As the Commission considers whether to issue new rules regarding transparency, the Department urges it to consider carefully the characteristics of, and the degree of information currently available in, electricity and related markets to avoid unnecessarily increasing the likelihood of coordination in them. If the Commission decides to issue rules calling for the dissemination of highly detailed information about these markets, it should keep in mind that it may be able to achieve the benefits of transparency while limiting its potential harm by aggregating, masking, and lagging the release of such information.
1. Energy Policy Act of 2005, §§ 316 and 1281, Pub. L. No. 109-59, 119 Stat. 594, 691-92 and 978-79 (2005).
3. Related markets include capacity and ancillary services markets that may fall under the Commission's jurisdiction. Although the Department's comments focus on electricity and related markets, the same general considerations addressed in them also apply to natural gas markets.
4. "Coordinated interaction is comprised of actions by a group of firms that are profitable for each of them only as a result of the accommodating reactions of the others. This behavior includes tacit or express collusion, and may or may not be lawful in and of itself." U.S. Department of Justice and Federal Trade Commission, Horizontal Merger Guidelines § 2.1, reprinted in 4 Trade Reg. Rep. (CCH) ¶ 13,104 (April 2, 1992).
5. There are several other potential benefits to transparency, including enhanced market monitoring. Placing information in the hands of regulators, market participants, and observers may enhance the effectiveness with which markets are monitored for unwarranted exercises of market power. It is important to note, however, that at least some of the market monitoring benefits of transparency can be obtained by providing information to regulators on a confidential basis, permitting them to monitor markets while avoiding the potential anticompetitive consequences of more broadly disseminating firm- and transaction-specific information to the public.
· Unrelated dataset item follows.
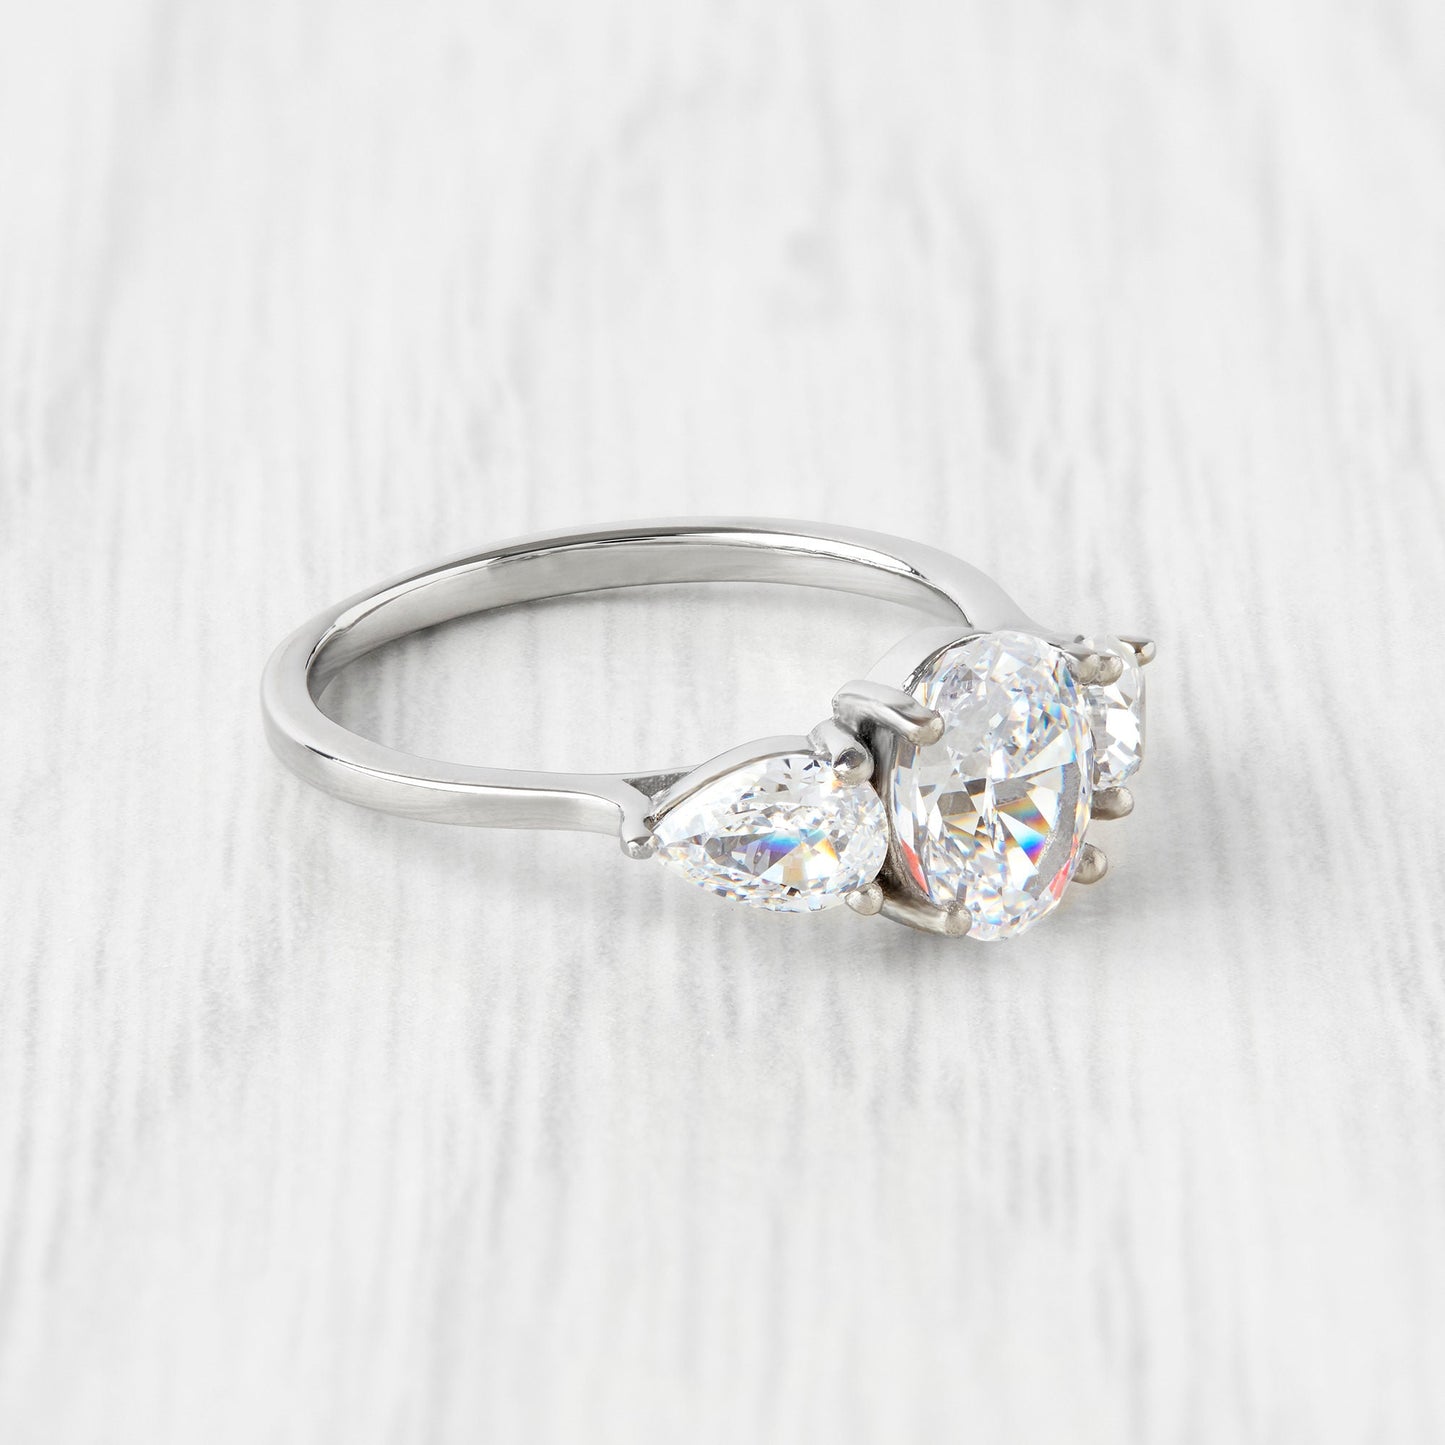 CRUSHED ICE CUT Genuine moissanite Oval & pear cut 3 stone Trilogy Ring in White Gold or Titanium  - engagement ring - handmade ring

6. See Energy Policy Act of 2005, §§ 316 and 1281, Pub. L. No. 109-59, 119 Stat. 594, 691-92 and 978-79 (2005) (stating that the Commission "shall seek to ensure that consumers and competitive markets are protected from the adverse effects of potential collusion or other anticompetitive behaviors that can be facilitated by untimely public disclosure of transaction-specific information."). Cf. U.S. Department of Justice and Federal Trade Commission, supra note 4, § 2 (discussing factors affecting the likelihood of coordination, including the extent of information available to firms in the market).